Yes, there is a couple of threads about SMSF on this forum, use the Search facility to find them.

I use Esuperfund, they are very inexpensive, check out there website.

You have to use Commsec for the shares though, because they do an electronic audit with linked software, that is why there fees are low


----------



## austek (19 December 2007)

I have been running my own superfund since january 2003. I use a Macquarie  cash mngmnt account to hold enough money to pay me an Alloc pension and I have the utmost respect for them.  Free cheques, for all my trading expenses, Computers, parts, repairs, bigpond cable, and the few queries I have are answered by whoever picks up the phone their end.
Very professional.

Early on they suggested to me that the money could be placed in a special account for Superfunds and not just an ordinary CMT.  But I'm a happy chappy with this mob as it is.

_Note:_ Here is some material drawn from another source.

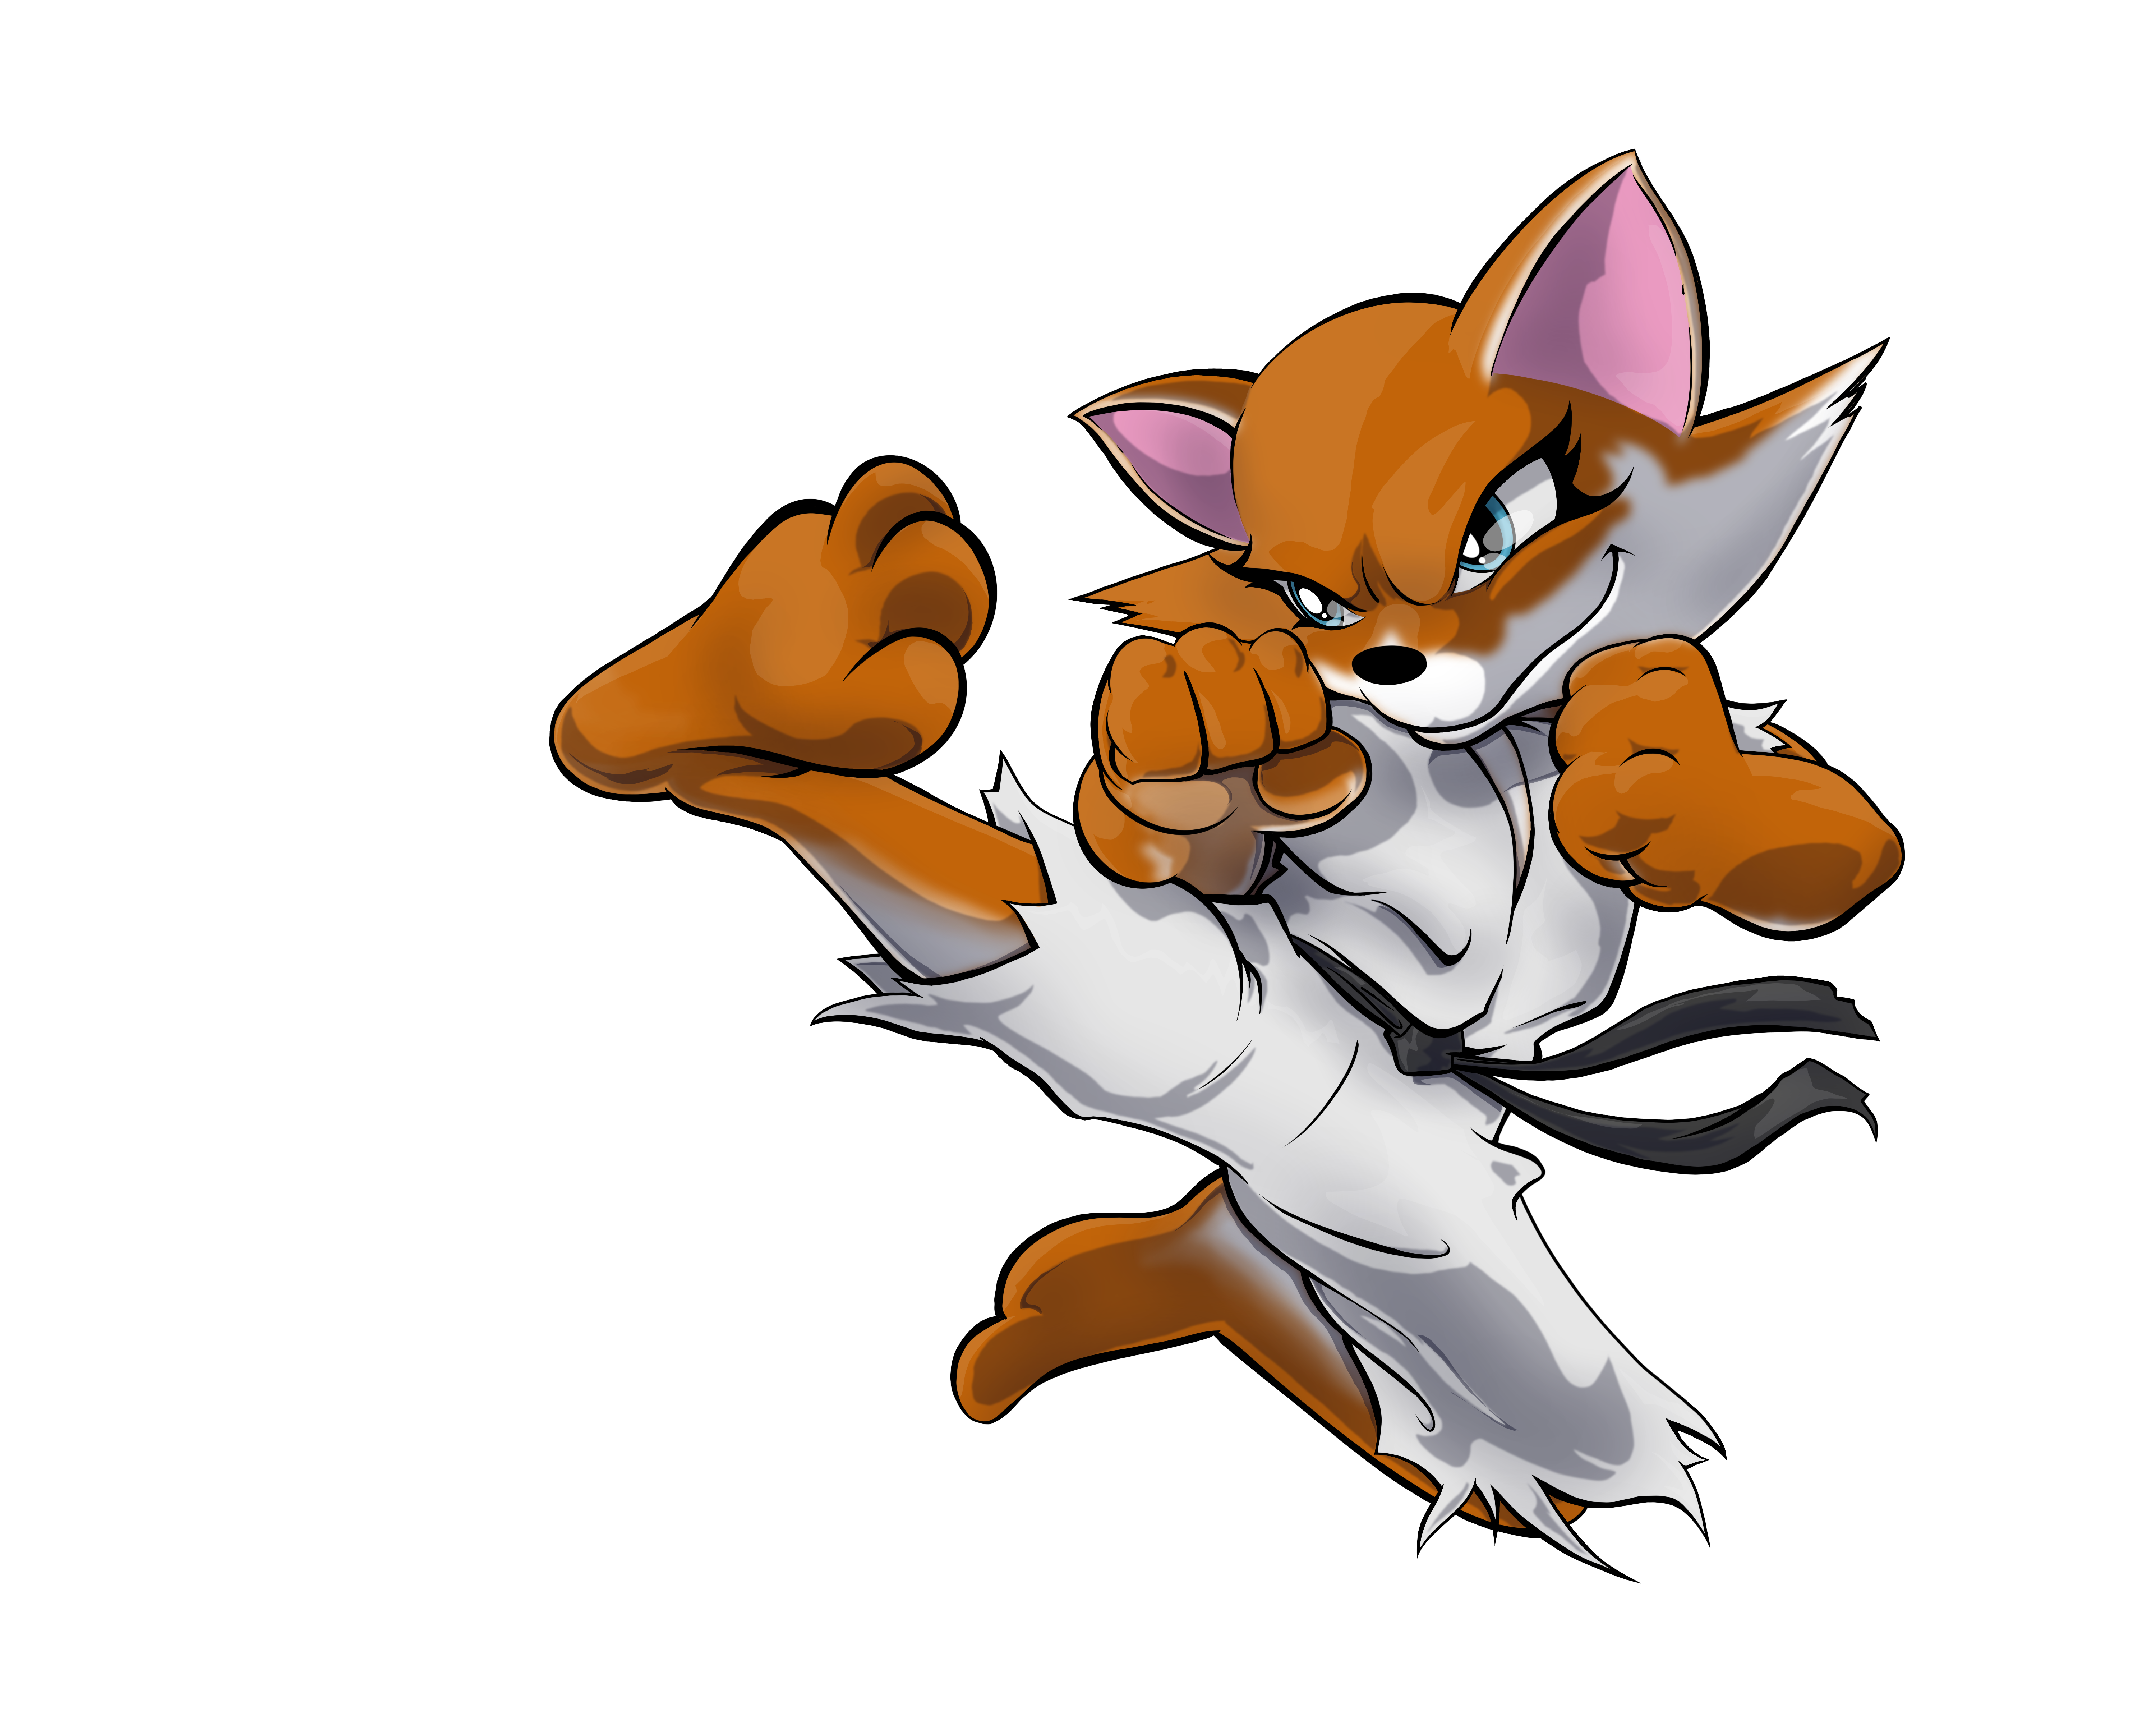 Foxie, the Fixie mascot, doing a sidekick!

Rest of the money stays with Comsec for trading/ Investment purposes.

Transfers over to maquarie are easy with Comsec and If I give myself a pay rise it's just a matter of a FAX to macquarie with a signature.


----------



## xyzedarteerf (19 December 2007)

thanks for the replies. I try and search for the threads.


----------



## xyzedarteerf (19 December 2007)

beachbum said:


> Hi, I have had a SMSF for about 10 years. I manage it myself using Maus Stockmarket software to keep track of my portfolio and prepare reports for my accountant. At years end I print out all reports stating capital gains/losses, dividends, transactions and assets held at 30/06. I send these to him along with bank statements for auditing purposes. Bank is contacted by accountant doing audit to verify bank statments are correct. All up with Superfund fees and accountant it would cost about $800 a year. I have a few days work a year to do myself but I like to keep track of things myself so I don't mind.
> 
> Cheers




Hi beachbum, do you have life cover on your SMSF?


----------



## beachbum (19 December 2007)

No I don't. I'm now not self employed so my employers fund has cover for me. I'm lucky enough not to need life cover anyway. If I drop off my wife will have more than enough to live a good life so life cover is not a concern to me or her.


----------